Behavioral Cloning Project

The goals / steps of this project are the following:

  • Use the simulator to collect data of good driving behavior
  • Build, a convolution neural network in Keras that predicts steering angles from images
  • Train and validate the model with a training and validation set
  • Test that the model successfully drives around track one without leaving the road
  • Summarize the results with a written report

See the End Result!

Link to YouTube Video: https://youtu.be/zdgAPUDvfLQ

Sample images

Normal Image

Combined Image

Recovery Image | Left Camera Position

Combined Image

Recovery Image | Right Camera Position

Combined Image

Rubric Points

Here I will consider the rubric points individually and describe how I addressed each point in my implementation.


Files Submitted & Code Quality

1. Submission includes all required files and can be used to run the simulator in autonomous mode

My project includes the following files:

  • model.py containing the script to create and train the model
  • drive.py for driving the car in autonomous mode
  • model.h5 containing a trained convolution neural network
  • writeup.md summarizing the results

2. Submission includes functional code

Using the Udacity provided simulator and my drive.py file, the car can be driven autonomously around the track by executing

python drive.py model.h5

3. Submission code is usable and readable

The model.py file contains the code for training and saving the convolution neural network. The file shows the pipeline I used for training and validating the model, and it contains comments to explain how the code works.

Model Architecture and Training Strategy

1. An appropriate model architecture has been employed

My model consists of a convolution neural network with 3x3 and 5x5 filter sizes, 2x2 and 1x1 pooling layers, and depths between 24 and 64 (model.py lines 90-111)

The model includes RELU layers to introduce nonlinearity, and the data is normalized in the model using a Keras lambda layer (code line 95).

Furthermore, the top 70 and bottom 25 pixels of each image is cropped using the Keras Cropping2D function. This removes unnecessary detail from the image focusing on just the road.

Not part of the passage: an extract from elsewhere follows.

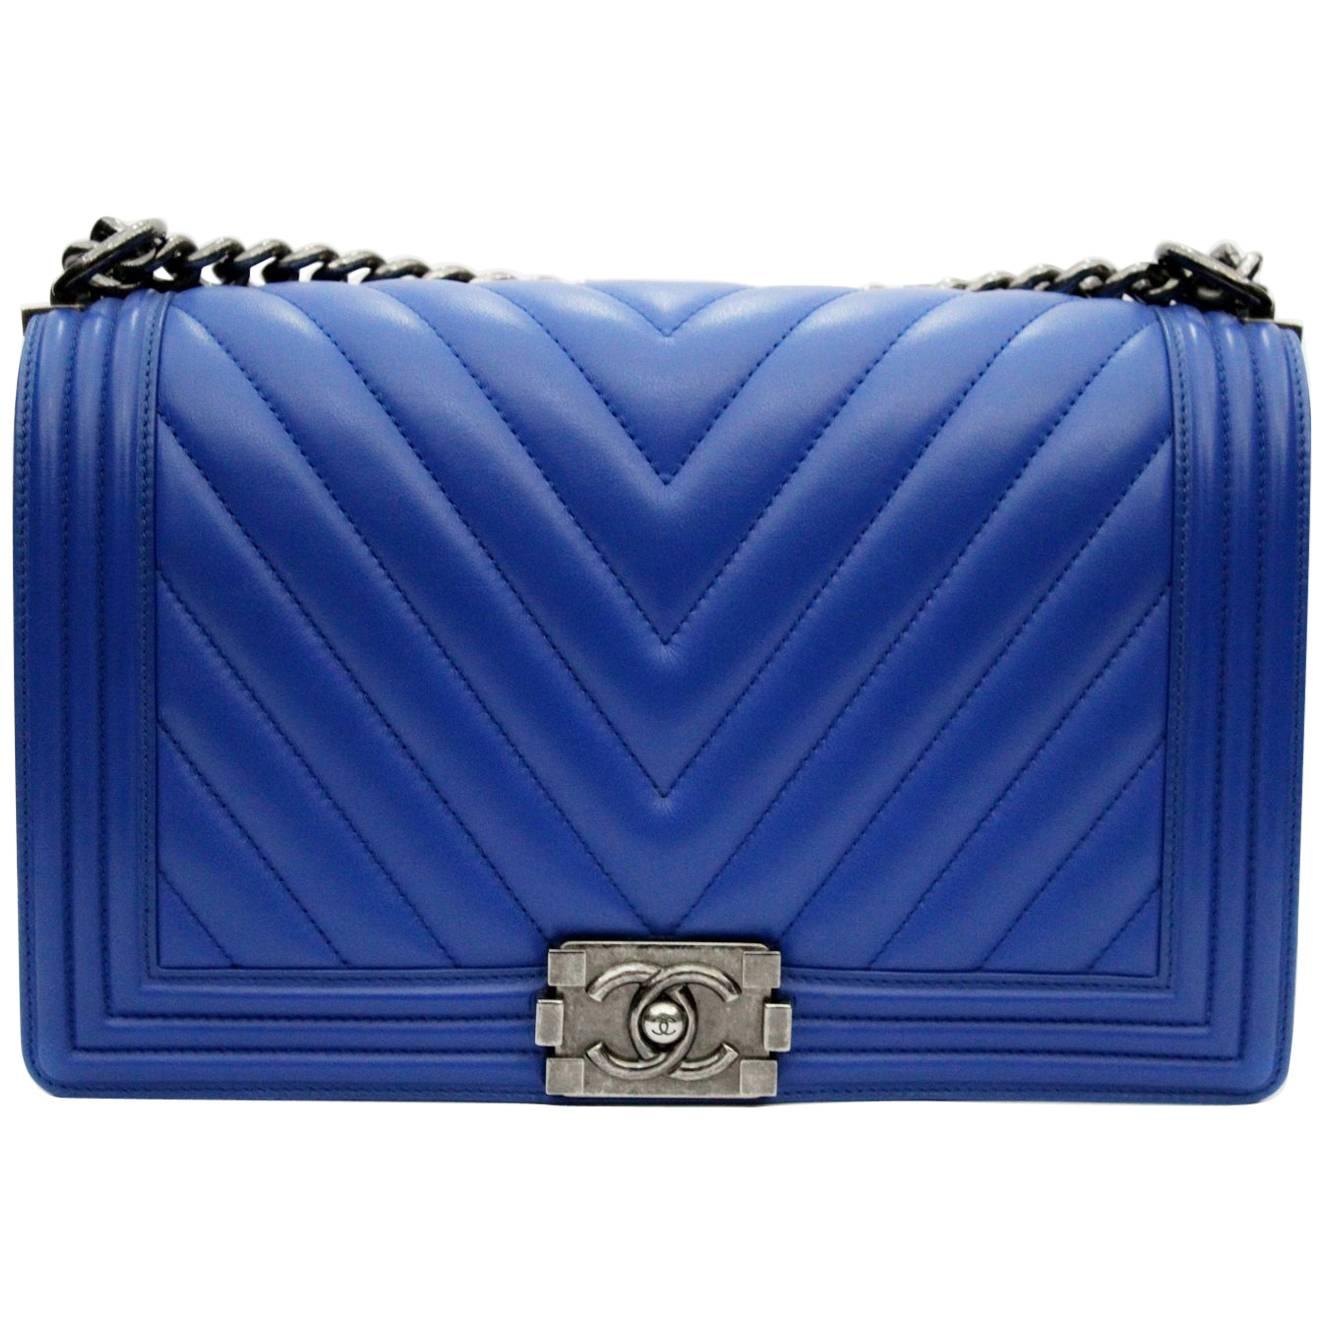 Chanel Electric Blue Leather Boy Bag

2. Attempts to reduce overfitting in the model

To prevent overfitting, data was augmented by flipping images using OpenCV's cv2.flip() and inverting the the steering angle. This doubled the amount of training data. Furthermore, an l2 regularizer was used which minimizes the parameters.

3. Model parameter tuning

The model used an adam optimizer, so the learning rate was not tuned manually (model.py line 25) but different batch sizes were tested and 32 samples per batched proved to be the most effective.

4. Appropriate training data

By driving a car in a simulator, training data was captured to train a neural network to drive a vehicle in the center of a road. Left, center and right camera angles were used for training the model. Specifically, data from the left and right camera positions were used to teach the model how to recover when it deviated from the center of the road. When gathering recovery training data in real life, left and right camera angles have to be used as vehicles cannot be driven partially on the road side of the road as it is against the law.

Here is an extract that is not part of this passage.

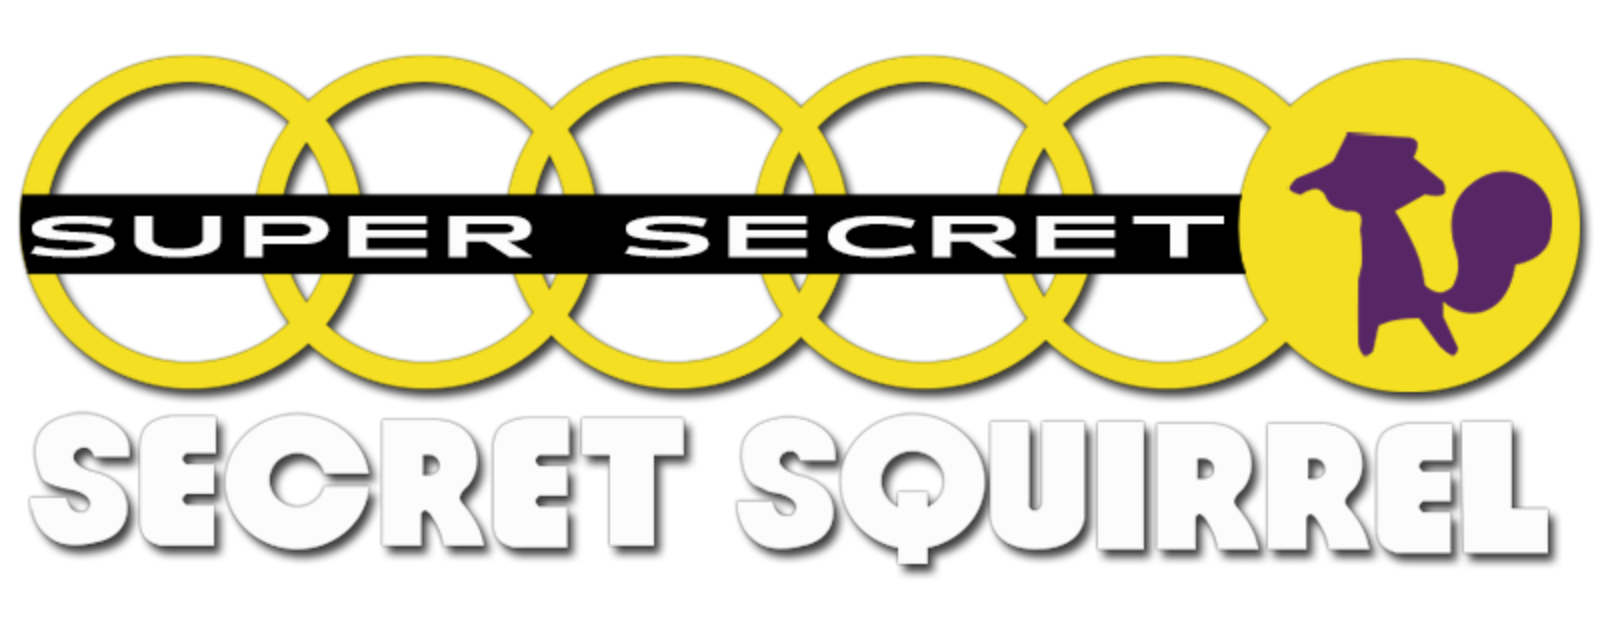 Super Secret Secret Squirrel Complete

In addition to the three cameras angles, the images were augmented by flipping the images and inverting their steering angles doubling the amount of data without having to drive the vehicle on another track.

Model Architecture and Training Strategy

1. Solution Design Approach

The overall strategy for deriving a model architecture was by following the suggested methods mentioned in the Udacity tutorial videos. The videos introduced various individual suggestions such as the use of generators, architectural structures, data pre-processing, and augmentation. These individually suggested methods were merged together and altered to achieve the results I did.

My first step was to use a convolution neural network model similar to the LeNet model. I thought this model would be an appropriate starting point for driving the car in the simulator. After testing the model in the simulator, I progressed to the same architecture used by Nvidia for their autonomous driving software. This proved to be a better model which was able to drive more smoothly and in the center of the road.

In order to gauge how well the model was working, I split my image and steering angle data into a training and validation set. I found that my first model had a low mean squared error on the training set but a high mean squared error on the validation set. This implied that the model was overfitting.

To combat the overfitting, I augmented the data by flipping the images and inverting the steering angles. This provided double the training data.

Due to the increase in data and thus the increase in memory usage, a generator was used to pass the data in batches of 32 samples. This allowed the model to be trained on a bigger dataset without increasing my instance storage size.

The final step was to run the simulator to see how well the car was driving around track one. Initially, there were a few spots where the vehicle fell off the track; however, after augmenting the data and reducing the number of epochs the vehicle is able to drive autonomously around the track without leaving the road.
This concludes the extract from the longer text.